I've been using a password manager for about a decade, so I have a fairly good overview of a lot of the accounts I've opened over the years. However, while privacy has always been important to me, I was more concerned with increasing governmental surveillance rather than corporate surveillance for many years. So over the years I've signed up uncritically to a large number of services. Most of these do not have much data about me, but my username has generally been reused, along with e-mail and sometimes phone number and other more sensitive data. This of course doesn't take into account all those minor services I've signed up for with e-mail + reused password. I have no control over those...

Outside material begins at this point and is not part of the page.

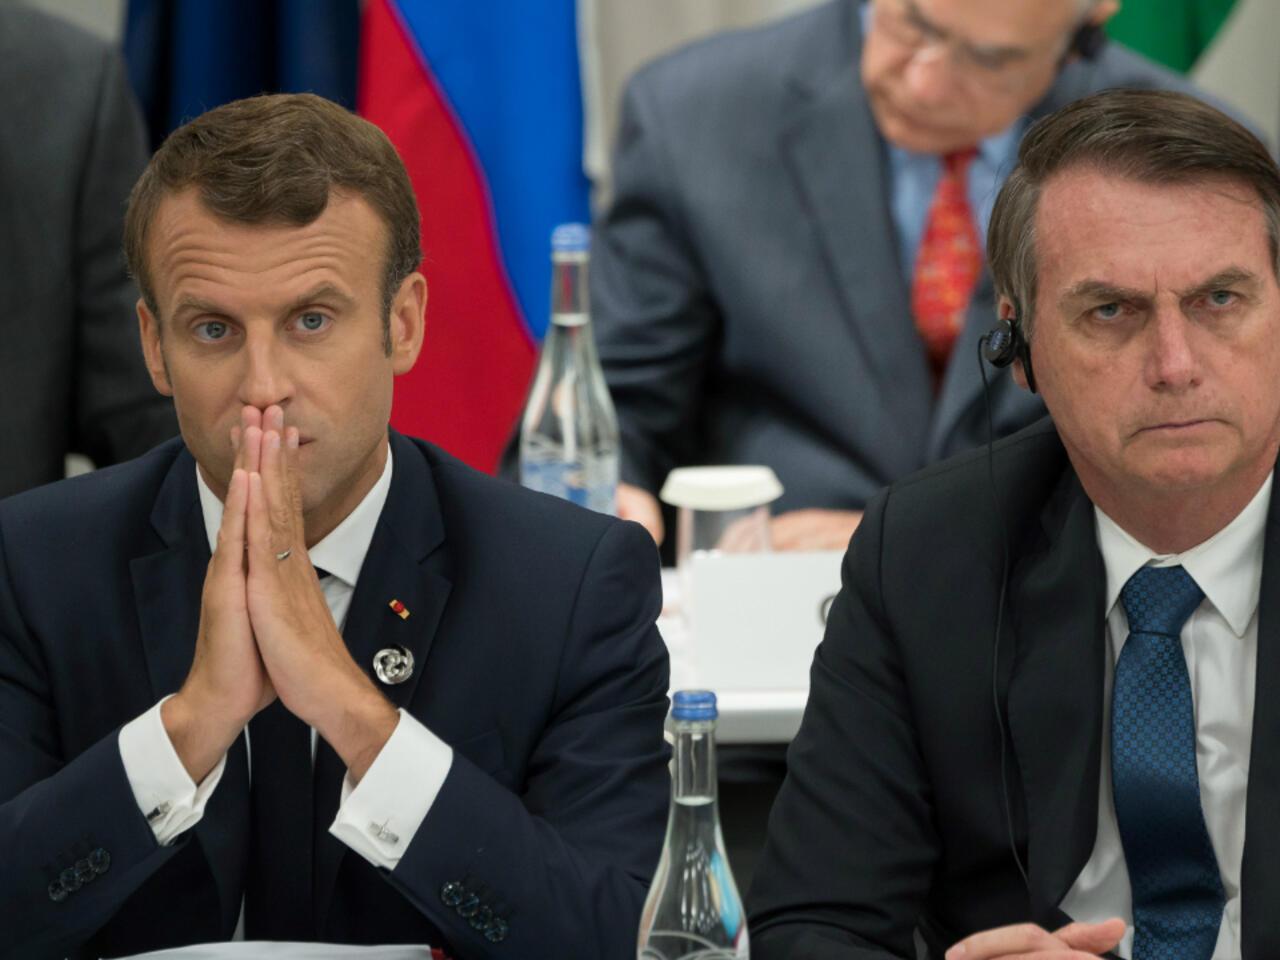 Macron Calls Out Bolsonaro S Extraordinarily Rude Insults Against Wife Brigitte

Now GDPR thankfully makes the job of cleaning up the accounts I do have control over a lot easier, because I doubt many of these services would even let me delete my account if not for it. However, it does not regulate enough how easy this process should be, and there are so many different ways companies implement this. From extremely convenient and easy ways of exporting all data and deleting the account, such as implemented by Strava (kudos to these companies!), to the worst offender of them all: British Airways... Until recently you would have to send an actual letter to their data protection offer with a copy of your passport (yeah right...). Sometime this year they've changed this, so now you just have to upload a picture of a letter to their document's portal, but since that is borked, I can't even access it to complete the deletion request. Apple also rejected my deletion request for an unknown reason, and I had to spend 45 minutes on the phone with them to understand that a cancelled, but still active subscription (a 1-year subscription that had not expired yet) from the app store, was blocking the deletion. Most are in between these two extremes, and either require that I actively follow up that I get a reply when I send an e-mail to their data protection officer with my request, or have processes that take up to a month to complete.

Of course, cleaning up 10-15 years of uncritical online presence would take a long time anyway, but companies making it hard on purpose to delete your account and data is infuriating, and a testament to a status quo that should burn in hell.

On the plus side: I no longer have accounts with Microsoft and Twitter, accounts with Apple and Amazon should soon be closed. My goal is to have completely phased out Meta and Google by the end of this year, although the communication lock-in of Meta and the fact that my primary e-mail was Gmail for 15 years (I've switched two years ago to Proton), makes these transitions a bit more difficult.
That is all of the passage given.